I have never had an issue with the window fluid cleaner, I have 3 airbrushes that are over 25 years old and have had years of the cleaner going through them. I'm not sure who told you it harms a airbrush, but I would have to say from experience that is false. Alcohol can be a problem as thinner for the fact that it can cause paint to hit your surface too dry and give you a pebbling affect. I had this issue with the 91% alcohol, you can cut it to help the problem or go with the 70%, but why bother? I can buy an entire gallon of window cleaner for the cost of 16 oz. bottle of alcohol, and I don't have to cut the window cleaner, so it does have it's advantages.

The Talon in the photo has used nothing but window fluid, the badger 175 has been using the stuff for 20 plus years. No issues.


All 3 of these guns have been running window cleaner for over 20 years. My Badger Krome which is not pictured has also been shooting window cleaner.


----------



## djnick66 (May 2, 2008)

A couple of the name brand airbrushes say specifically NOT to use Windex or ammonia based solvents in the brushes. I believe Iwata does and Grex does.


----------



## spiralcity (Mar 17, 2016)

djnick66 said:


> A couple of the name brand airbrushes say specifically NOT to use Windex or ammonia based solvents in the brushes. I believe Iwata does and Grex does.


They can say it all they want, but in practice it's false. Unless your telling me I have magic airbrushes? 

I would guess Shep Paine also had magic airbrushes?

I am talking from years of experience using the stuff, and all my guns are perfect. I plan on shooting the cleaners through my SATA as soon as it arrives. and I would imagine it will remain problem free also, unless the Teflon seals are made different, which we all know they are not.

All of my guns are built for the most part in the same way. You will find that all airbrushes in the 100.00 to 200.00 range share the same characteristics no matter who manufactured them. Badger has never warned me against ammonia based solvents and they honor their warranty never asking you what solvents were used in the gun. The worst you could have is a faulty seal from any solvent, and that's not a major issue, especially when you deal with a company who backs you 100% on labor, if you cant do the work yourself.

If you don't want to use the stuff, then don't use it, but I know for a fact that it's fine.
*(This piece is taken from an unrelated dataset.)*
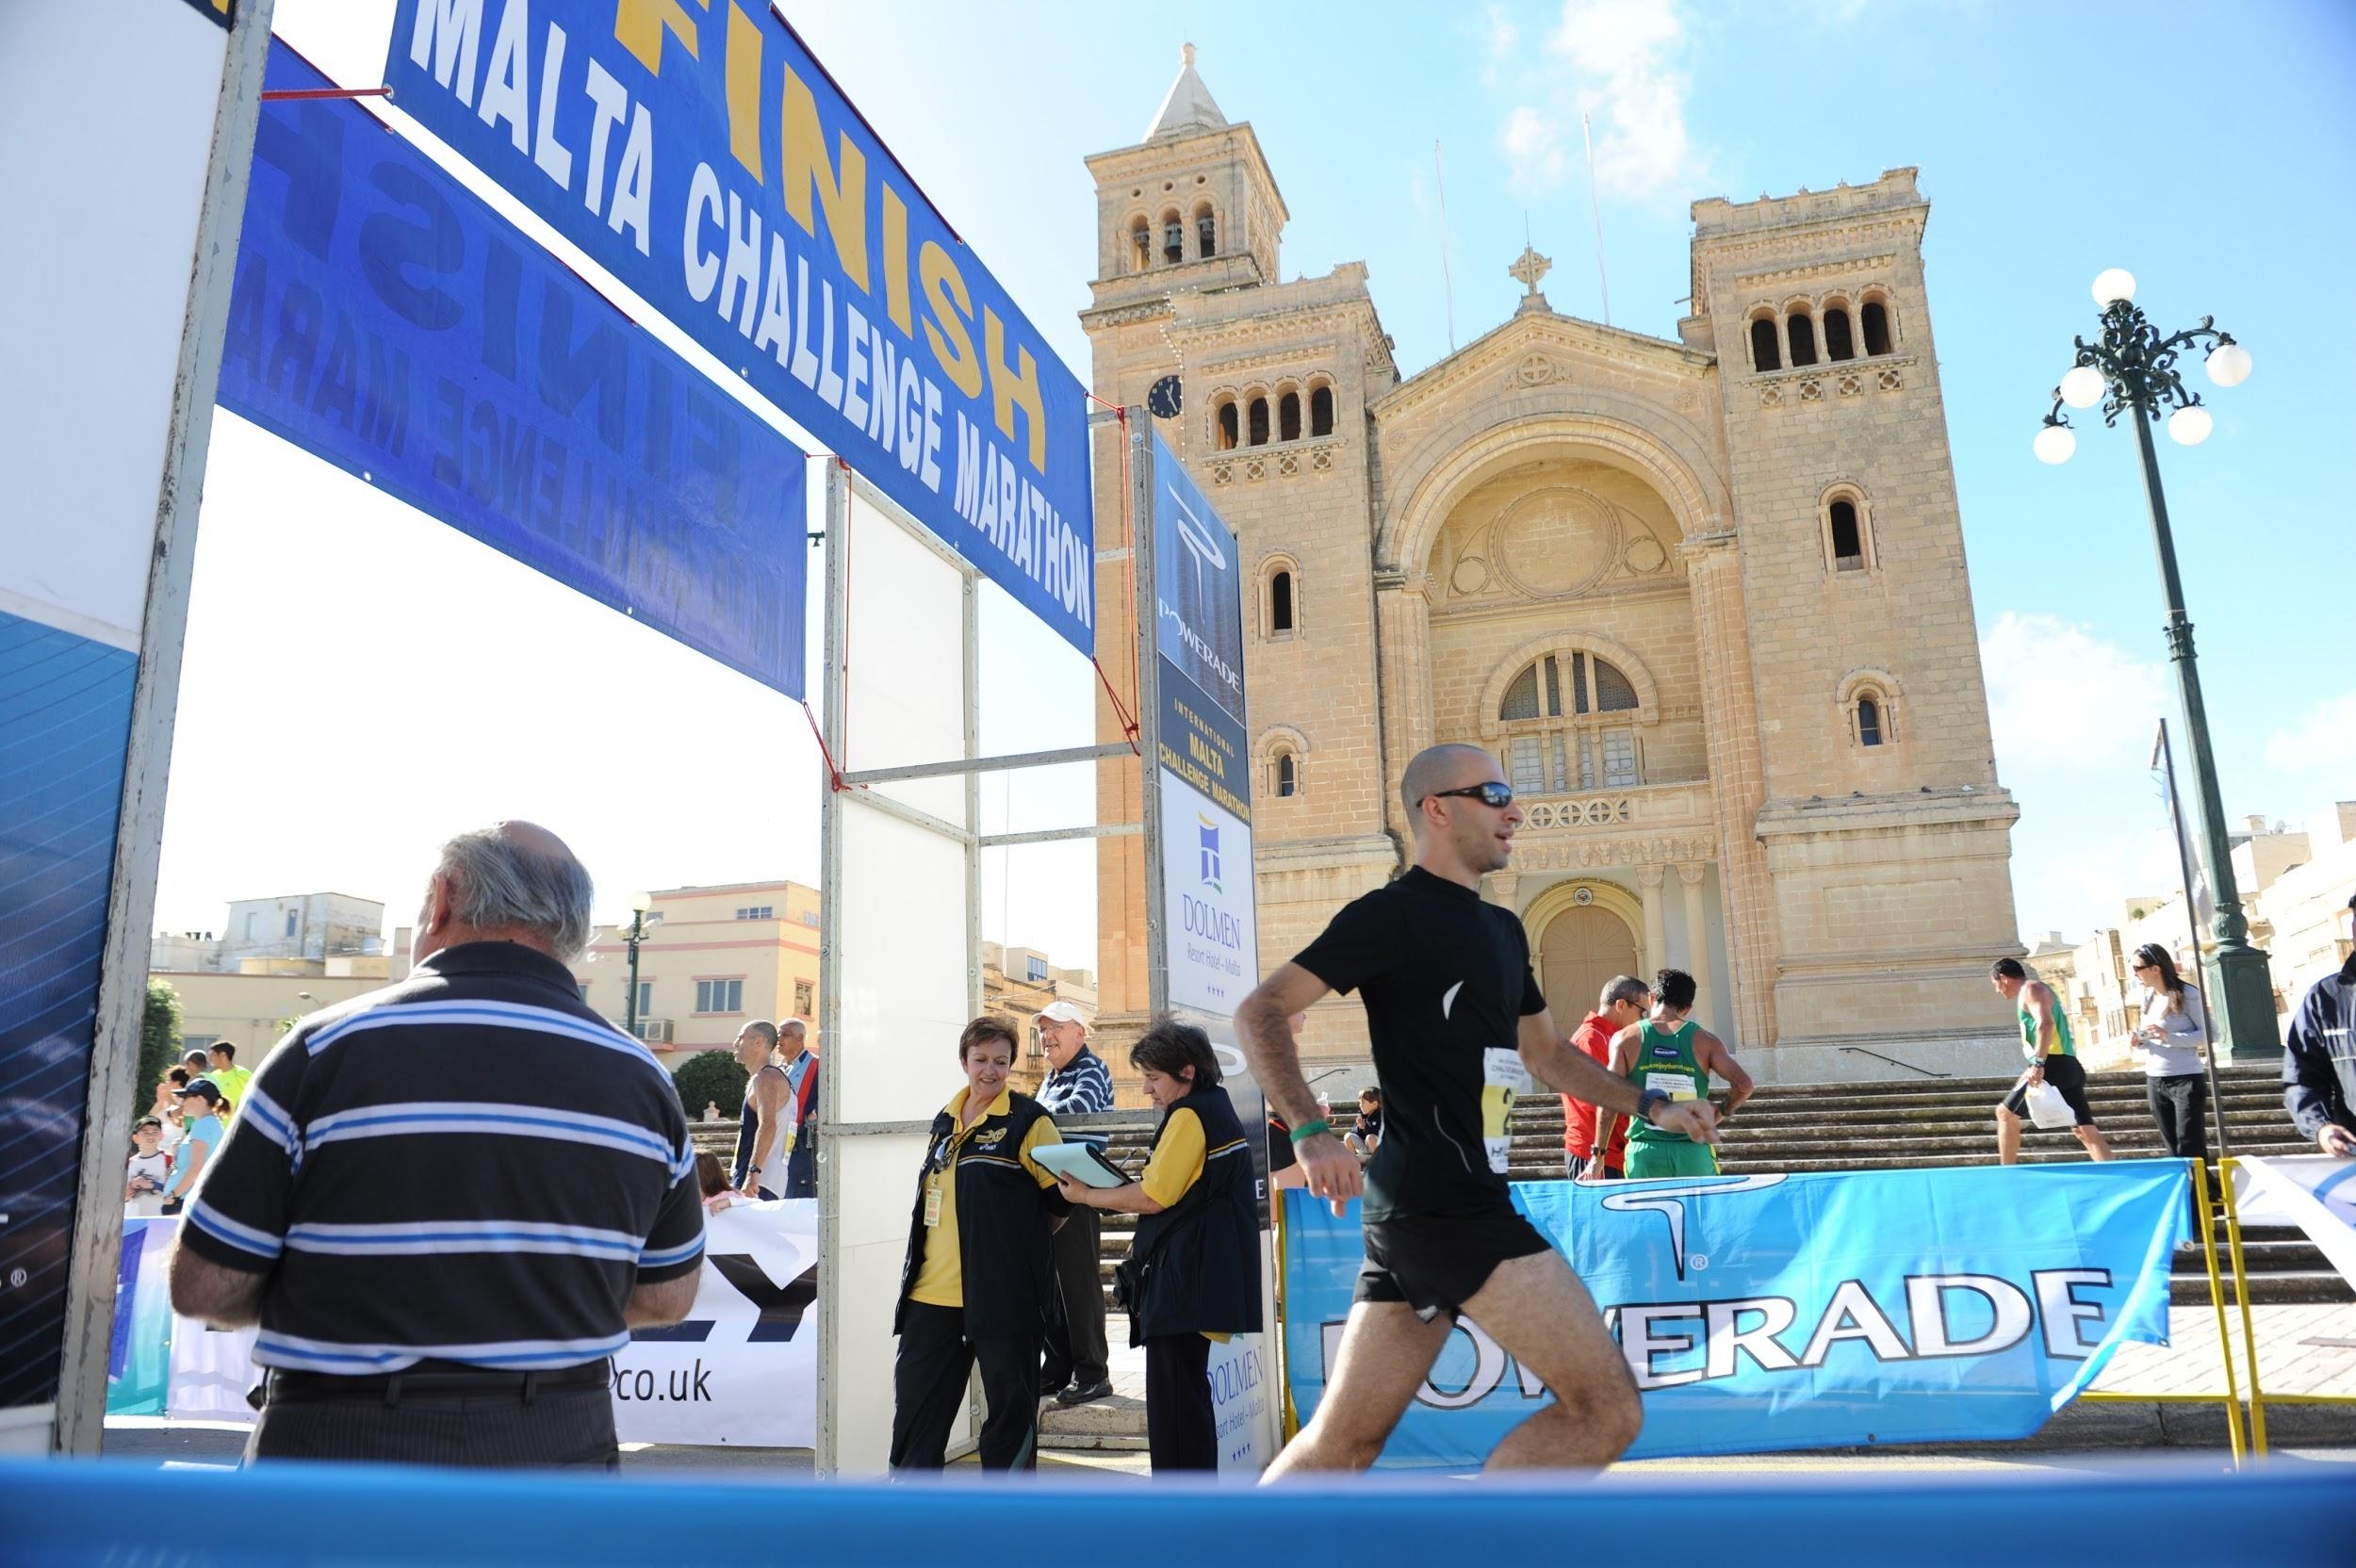 Malta Marathon

My line up, with 2 new guns on the way.


----------



## djnick66 (May 2, 2008)

Whatever. I am just going by what the companies that make the airbrushes say NOT to do. But, feel free to do what you want. I've been using airbrushes for 40 something years and have not found any real need to use windex or windshield washer fluid anyway. 

If you do a search on Hyperscale you will find where someone had issues with the ammonia reacting to the base metal in the plated Grex color cups, causing the chrome to pit.

If you want a really nice brush, get a Grex Tritium. Probably the best brush out there.


----------